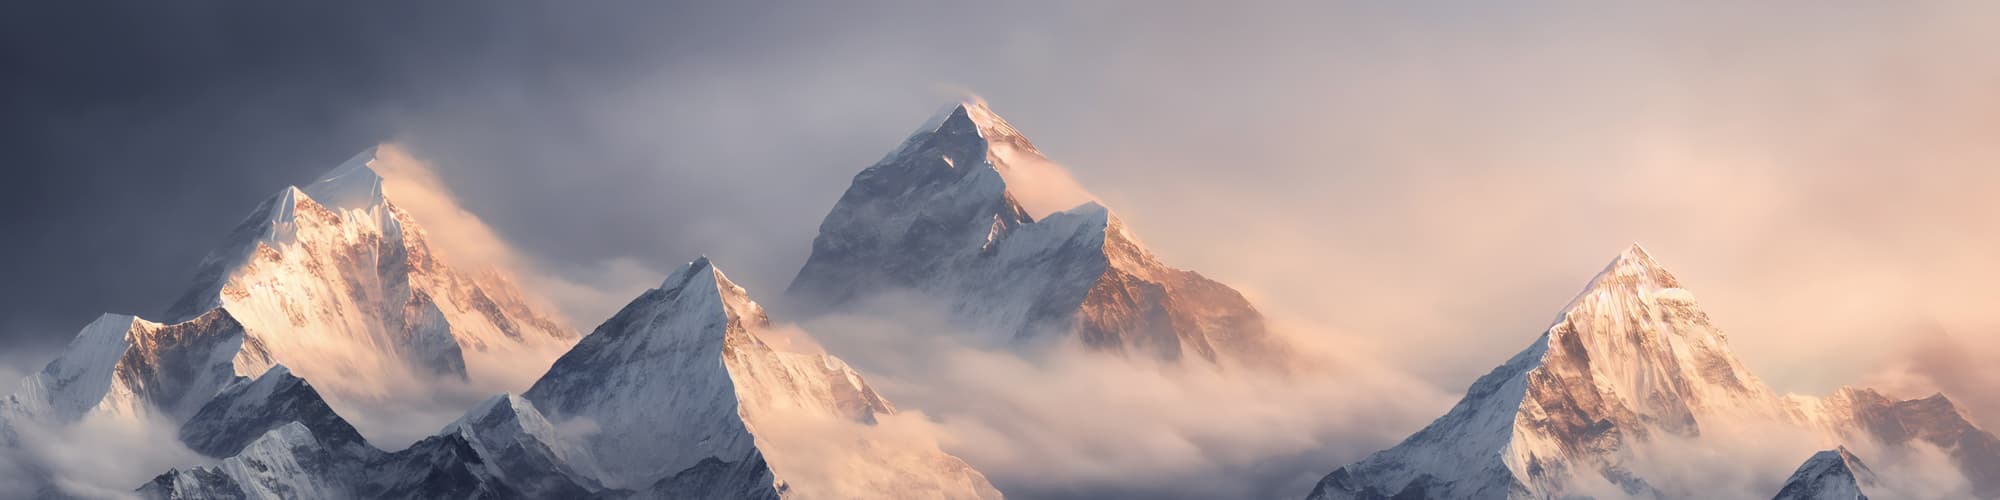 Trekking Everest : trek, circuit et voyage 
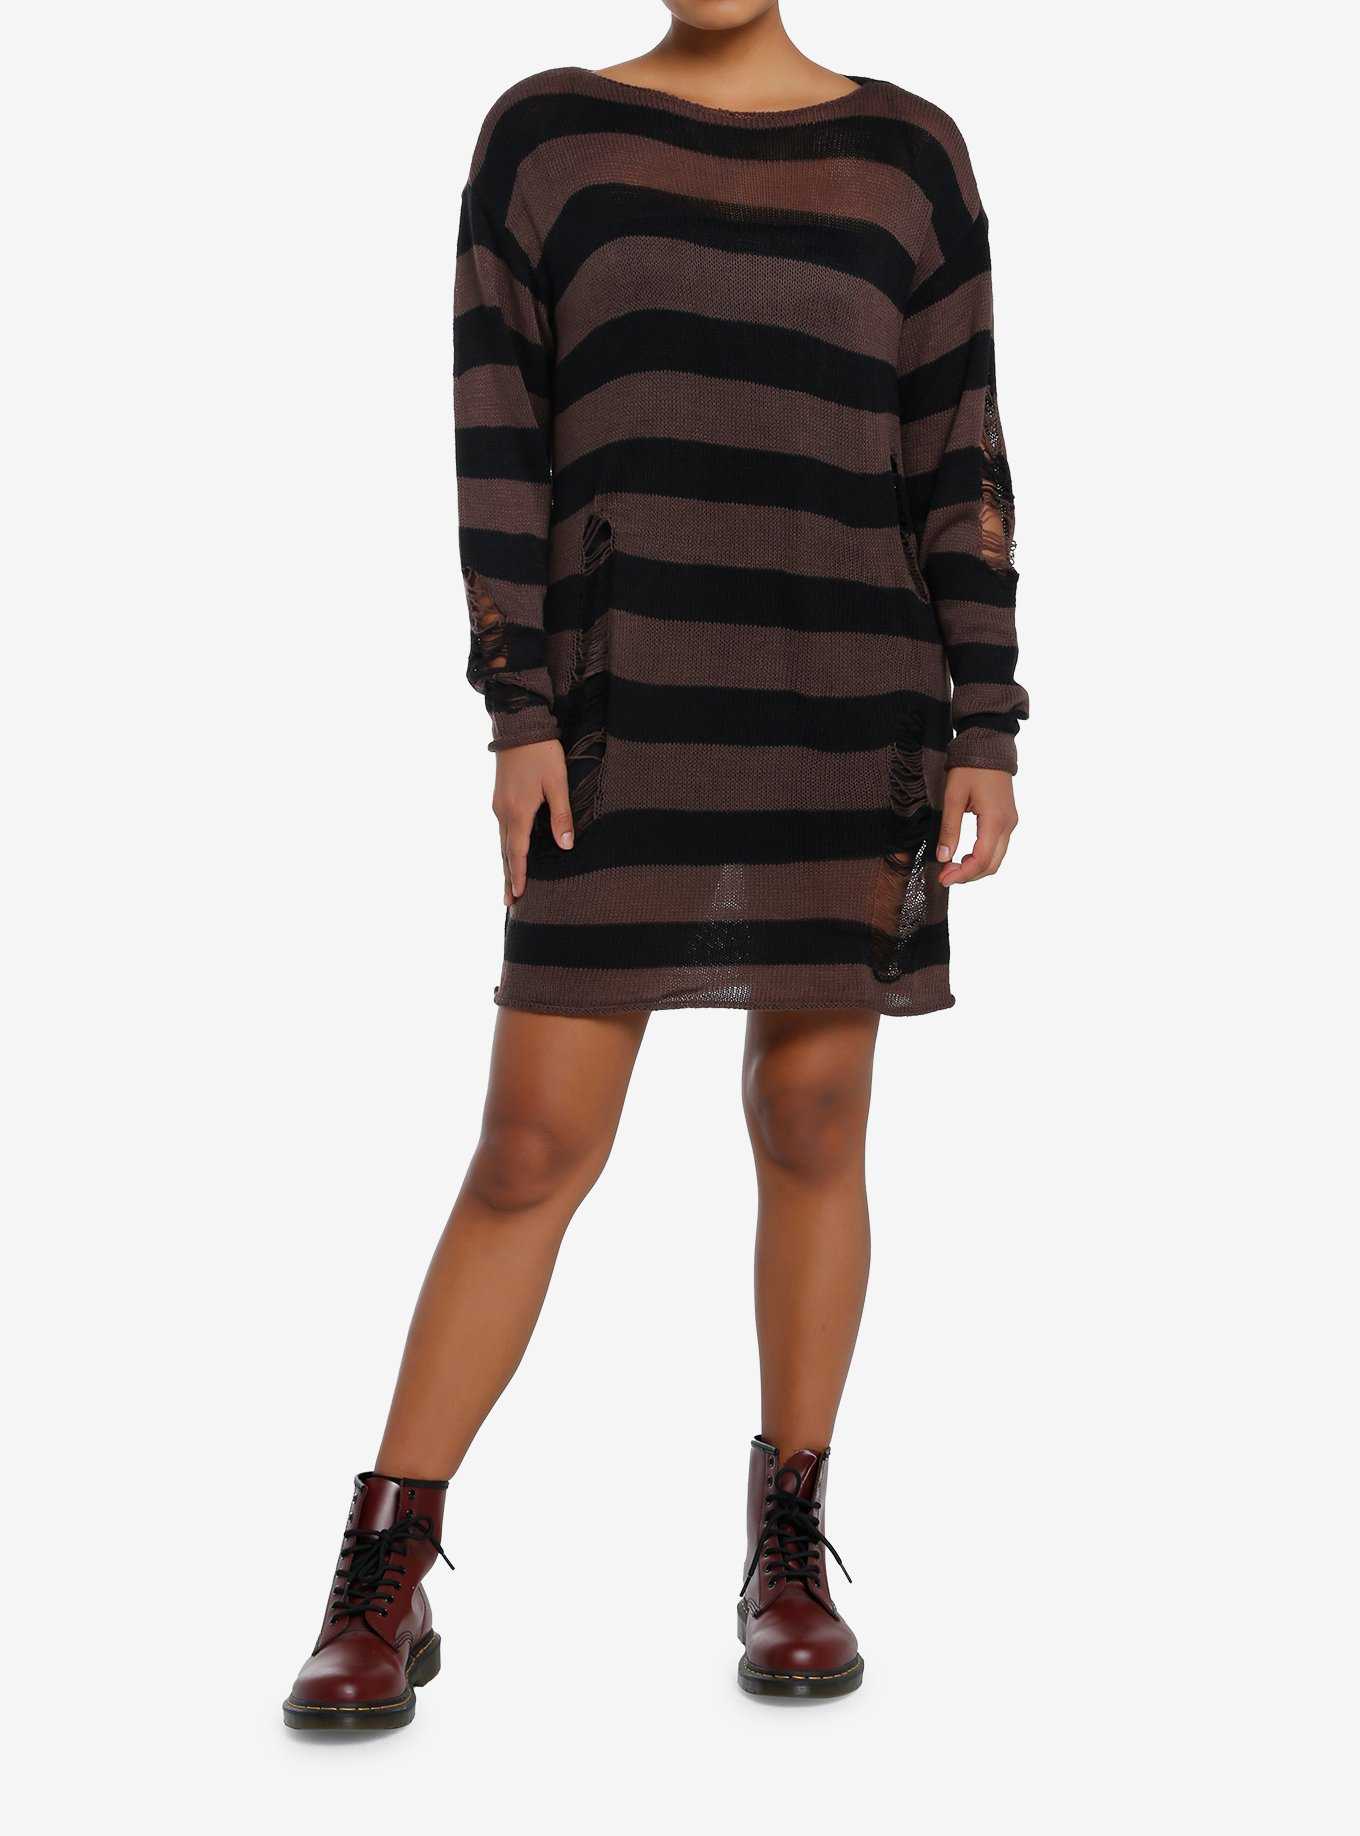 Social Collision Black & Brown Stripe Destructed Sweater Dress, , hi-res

· · · · · · ·

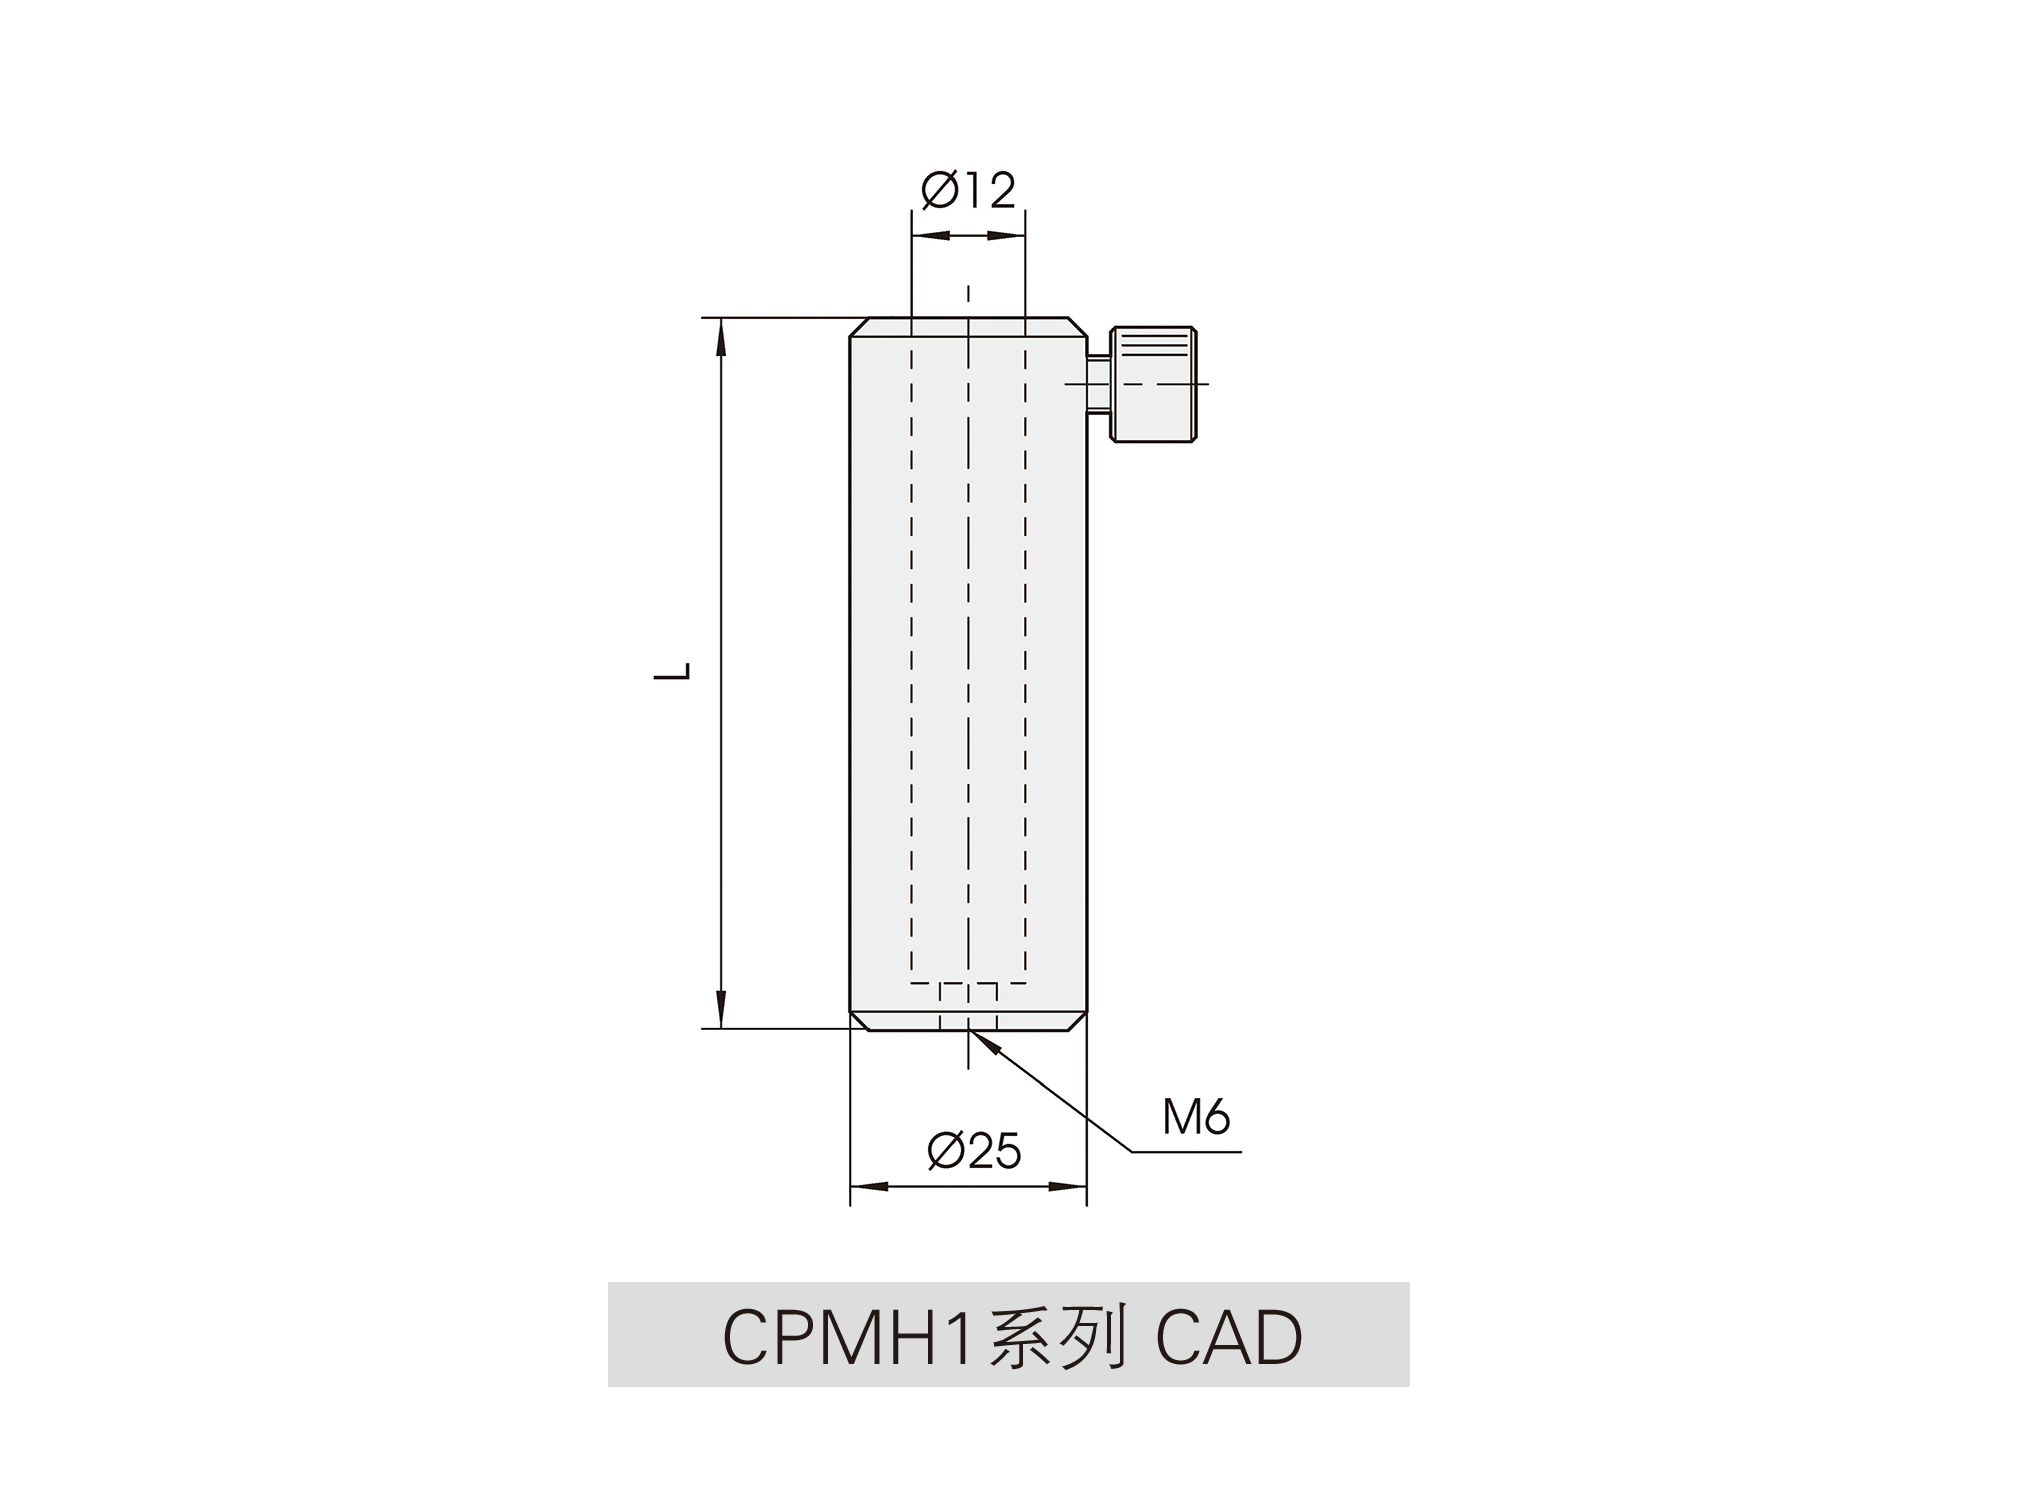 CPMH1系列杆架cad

· · · · · · ·

WHAT YOU NEED TO DO:
An exact copy of the lines above from the one with "Trekking Everest : trek, circuit et voyage" up to and including the one with "Social Collision Black" is required; reproduce only those lines, omitting all pictures.

SOLUTION FOR THIS TASK:
 Trekking Everest : trek, circuit et voyage 
 Social Collision Black & Brown Stripe Destructed Sweater Dress, , hi-res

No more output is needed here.